In many research studies, you do not have the opportunity to randomly assign an exposure variable. The influence of the exposure variable on the outcome variable can sometimes produce misleading results because there may be other covariates which are important predictors of the outcome which are also imbalanced across the levels of exposure. A propensity score model creates a new composite variable, the propensity score, which helps you identify pairs or groups of variables with similar covariate patterns. The use of stratification or matching on the propensity score removes the effect of covariate imbalance and allows for a fair and unbiased comparison of the exposure group with the control group.
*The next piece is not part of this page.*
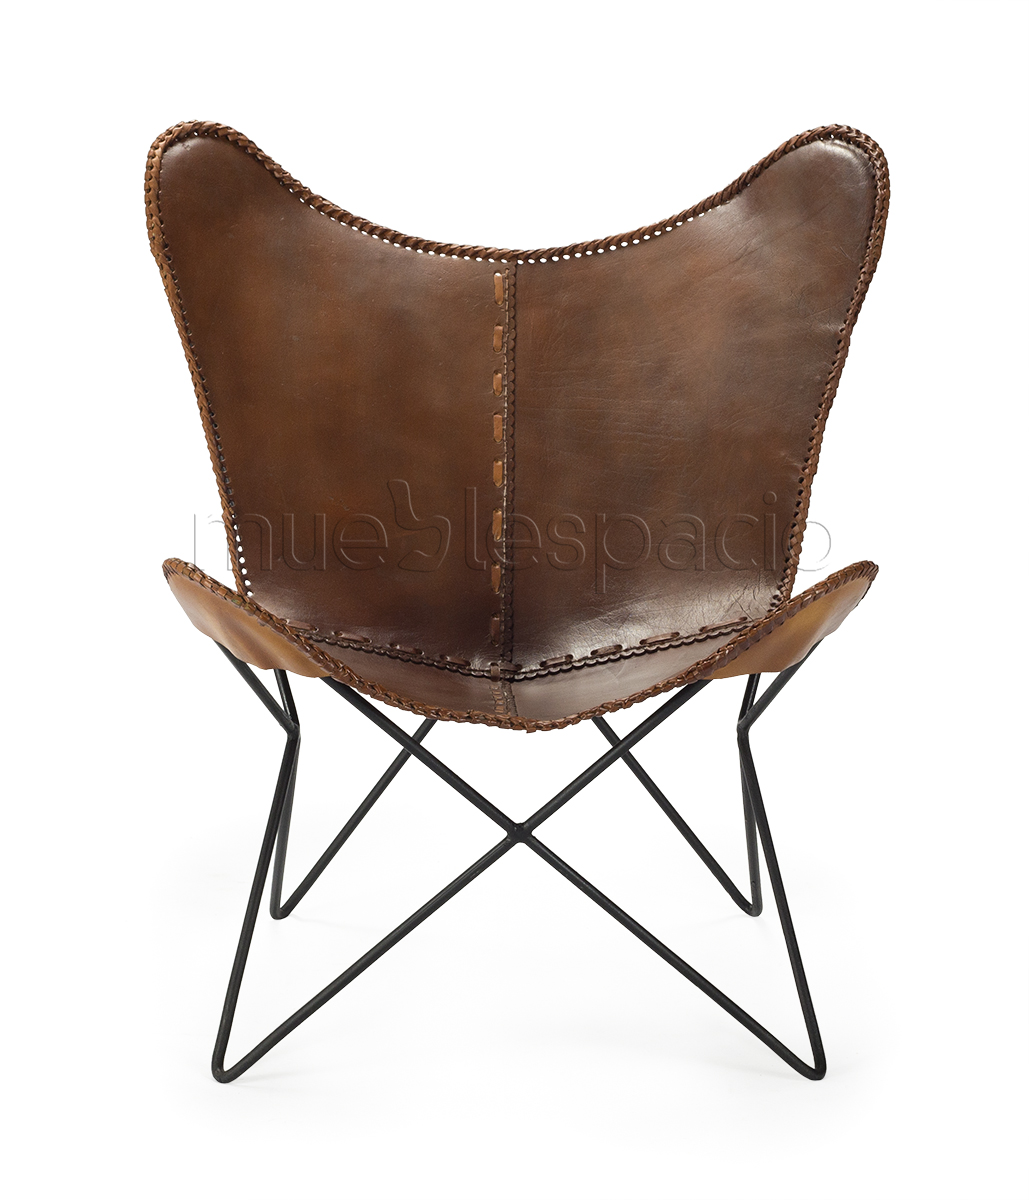 Silla butterfly chair de dise o estilo vintage industrial for Sillas estilo industrial baratas
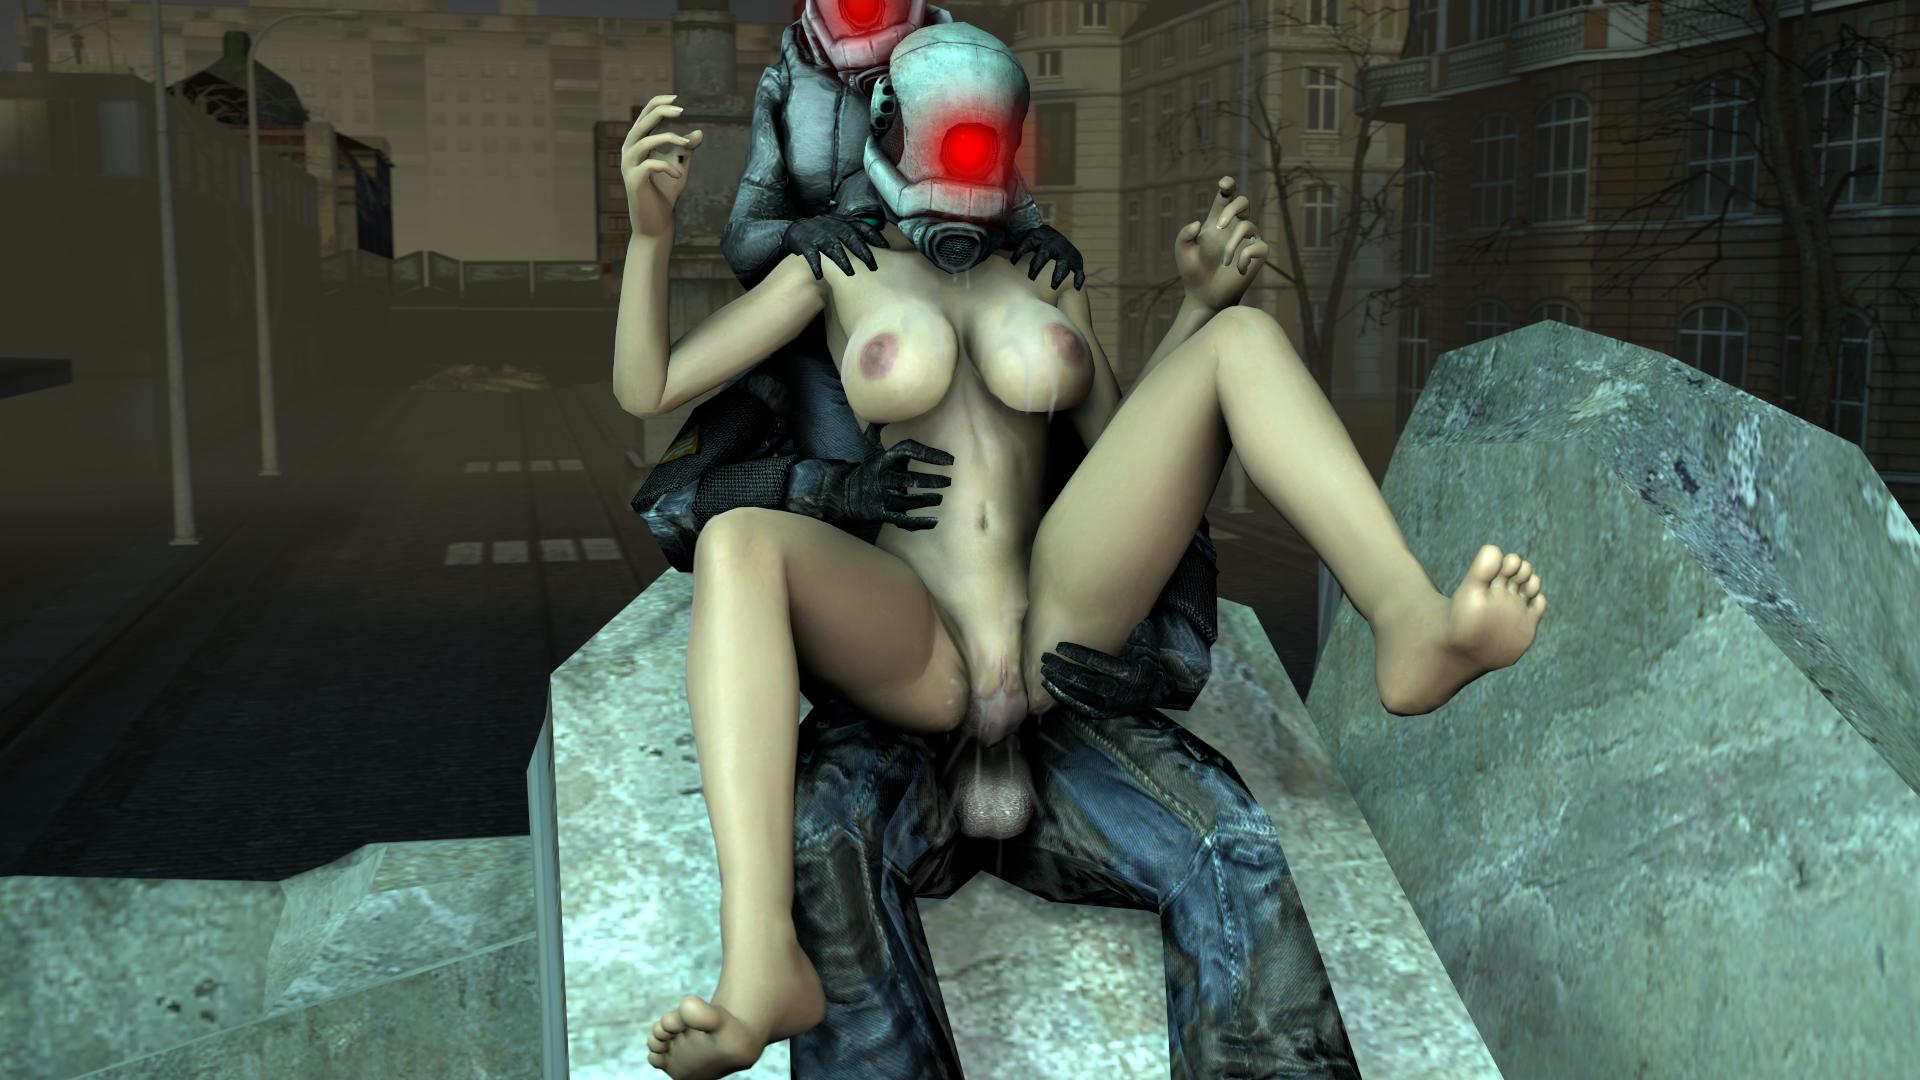 Аликс Вэнс Alyx Vance из игры Халф Лайф Half Life в Порно

A propensity score model assumes that you have a binary exposure variable and one or more covariates that are potentially imbalanced across the levels of the exposure variable. The outcome variable can take on many forms. It can be a continuous outcome, a categorical outcome, or a survival time. The propensity score is estimated by fitting a logistic regression model to the exposure variable as the dependent variable and all the important covariates as independent variables. The outcome variable is ignored during this stage of the analysis. For each observation in the data set, compute a predicted probability for being in the exposed group. A large value for the propensity score represents a covariate pattern that is more likely to appear in the exposed category. A small value represents a covariate pattern that is more likely to appear in the control category. By matching or stratifying on the propensity score, you make implicit comparisons only among observations that have similar covariate patterns.
Here are two interesting published examples of propensity score analysis.
- Does prophylactic sotalol and magnesium decrease the incidence of atrial fibrillation following coronary artery bypass surgery: a propensity-matched analysis. Aerra V, Kuduvalli M, Moloto A, Srinivasan A, Grayson A, Fabri B, Oo A. Journal of Cardiothoracic Surgery 2006: 1(6) [Abstract] [Full text] [PDF]
- Is albumin administration in the acutely ill associated with increased mortality? Results of the SOAP study. Vincent JL, Sakr Y, Reinhart K, Sprung CL, Gerlach H, Ranieri VM. Crit Care 2005: 9(6); R745-54. [Medline] [Abstract] [Full text] [PDF]
I have used a simple data set in some of my classes that is interesting and fun. It comes from the Data and Story Library (DASL) website. This data set contains the resale values for a random sample of 117 homes in Albuquerque, NM in 1993. The variables in the data set are
- PRICE = Selling price (in dollars)
- SQFT = Square feet of living space
- AGE = Age of home (years)
- FEATS = Number out of 11 features
- NE = Located in northeast sector of city (1) or not (0)
- CUST = Custom built (1) or not (0)
- COR = Corner location (1) or not (0)
The eleven features included dishwasher, refrigerator, microwave, disposer, washer, intercom, skylight(s), compactor, dryer, handicap fit, and cable TV access. The original data set had selling price in hundreds of dollars, but I found it useful to convert this to dollars. This data set also had a column for annual taxes, which I did not include in this data set.
An interesting question is whether custom built houses sell for more than regular homes. A direct comparison of these two groups is unfair though, because custom built houses tend to be bigger and they tend to have more features than regular houses on average. There are also small differences in location with custom built houses being located slightly more often in the northeast sector of the city. There is almost no difference in the proportion of houses found on corner lots however.
You can correct for these disparities using an analysis of covariance model, and that works reasonably well for this data set. In many research settings, though, the number of covariates becomes so large that adjustment for all of the variables simultaneously will not work. In these cases, a propensity score model is very useful.